StackOverflow Architechture is a widely used question and answer website for professional and enthusiast programmers. It is the flagship site of the Stack Exchange Network. The scale of this site can be understood by looking at its user base stats

With a hopping user base of 15million , Stack Overflow tops the chart. As per today overall Stack Exchange network gets 1.3 billion page views per month, that means 55 TB data / month. Designing the architecture of such a site network is a humongous task in itself.

What is going to blow your mind ,Stack Exchange employs a two tier architecture, no sharding no Big Data. It’s fascinating that they run one of the most trafficked pages (that also uses long-polling “real-time” messaging) on just 25 servers, most of them on 10% load all the time.

StackOverflow’s Nick Craver, Joel, Cecconi are a big advocate of Scaling Up. At a time when world is moving to Scaling Out by adding more machines, StackOverflow still lives in an old world of Scaling Up since they are getting best performance out of it with just 5% average CPU load on each of their servers and achieving 15ms page load time. Lets talk how do they achieve this level of performance while serving 1.3 page views per month:

Caching is done at multiple levels.

  • One is at Browser/Client level by caching images, javascripts,etc until their TTL(Time to live).
  • At Load balancer level, load balancer serves cached requests instead of making another query to the webserver behind it. This caching results in improved response times for those requests and less load on the webserver.
  • Via Redis, Redis Server caches data in-memory rather than frequent database hits. This caching is made highly consistent such that all data is in-memory & thus reducing database footprint. In-memory caching saves 10x time compared to databse hits .
  • At database level, Sql Server also provides a level of internal caching to avoid frequent disk calls
  • Using Elastic Search, which is an index server that powers quick searching. 90% of the queries are read only.
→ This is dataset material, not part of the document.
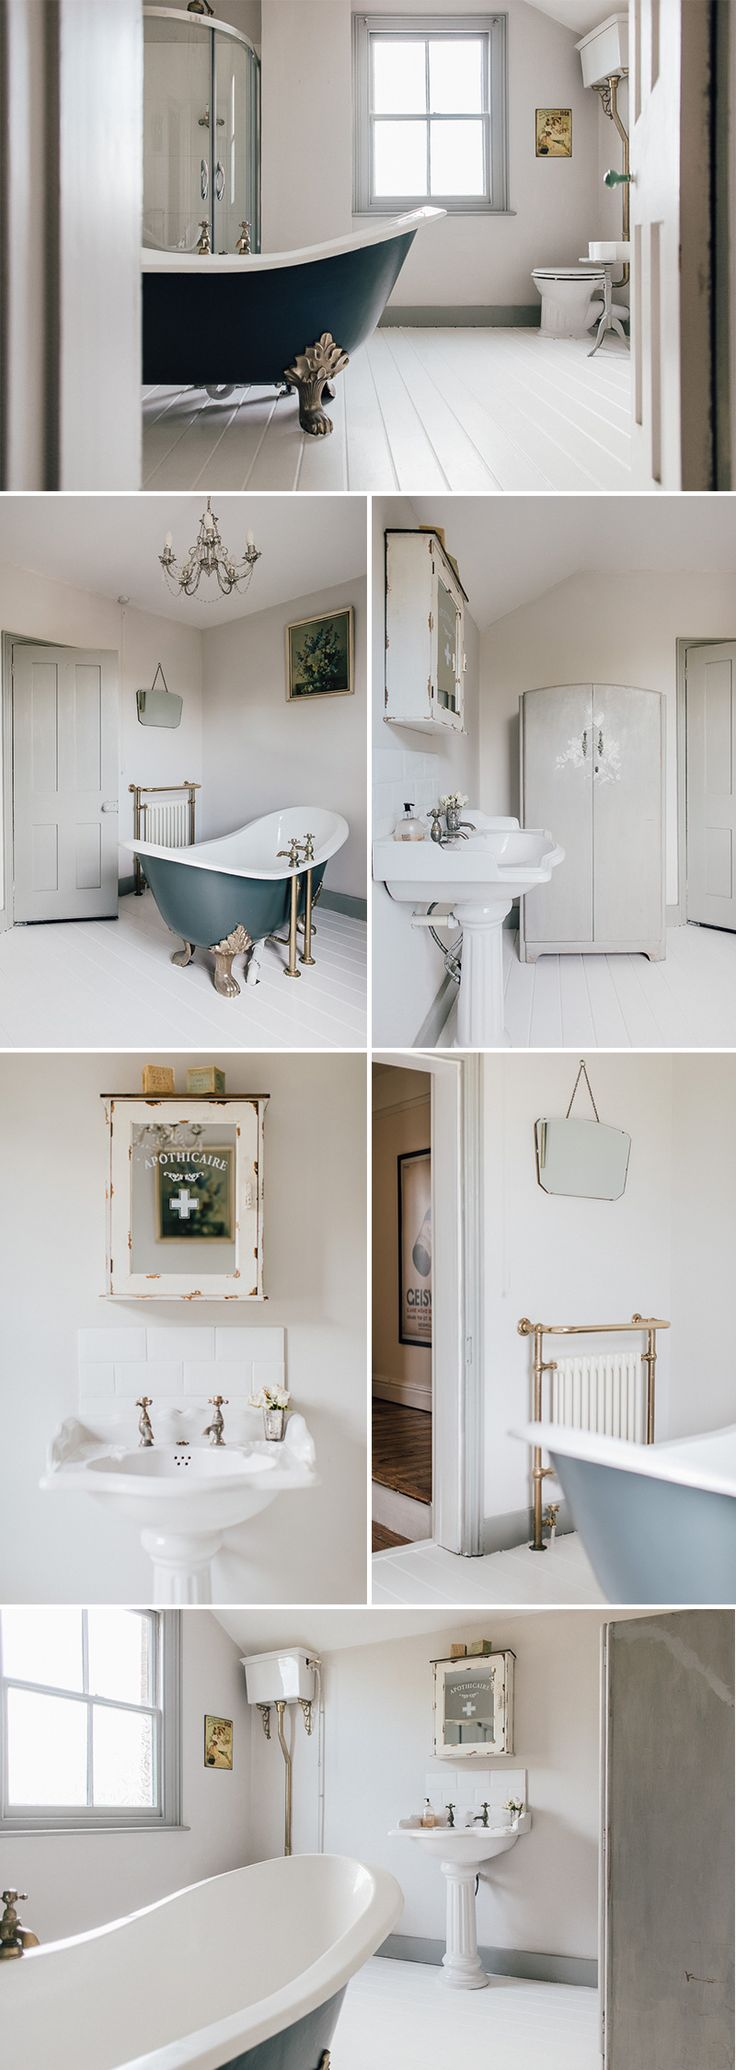 Balterley bathroom furniture - Rebecca S Minimalist Period Home

This is the Read only server of Stackoverflow that help render pageviews real quick.

StackOverflow ensures High Availability on all its services by maintaining layers of redundancy. There has been centuries old debate regarding whether to scale up or scale out.

Scale out ,being the newest counterpart,is also the base of BigData & is proven to be performant for very large systems. Thats why everybody is rushing towards it . Scale out is Horizontally scaling, i.e. distributing the heavy jobs processing into multiple small nodes/machines.

Scale Up (Vertical Scaling) is increasing the machine’s processing power(Memory,CPU) rather than adding more machines.

Why StackOverflow choose to Scale Up?

At StackOverflow, they believe ‘Performance is a feature’. To get the best performance they maintain their own Servers and scale it up when needed.

When a new requirement comes up for more resources, they decide on these parameters :

  • How much Redundancy do we need?
  • Do we actually need to Scale Out?
  • How much disk storage will be used?
  • SSDs or Disk Drives
  • How much Memory ?
  • Memory intensive application?
  • Parallel usage?
  • What CPU?
  • Cores based on parallelism
  • Network, whats the transaction rate?
  • How much Redundancy do we need?

Based on these questions they majorly drill down to one single machine with large RAM & great processing. Most of their servers are running at an average 5% CPU load. Thats a blow to all the Horizontal Scaling followers.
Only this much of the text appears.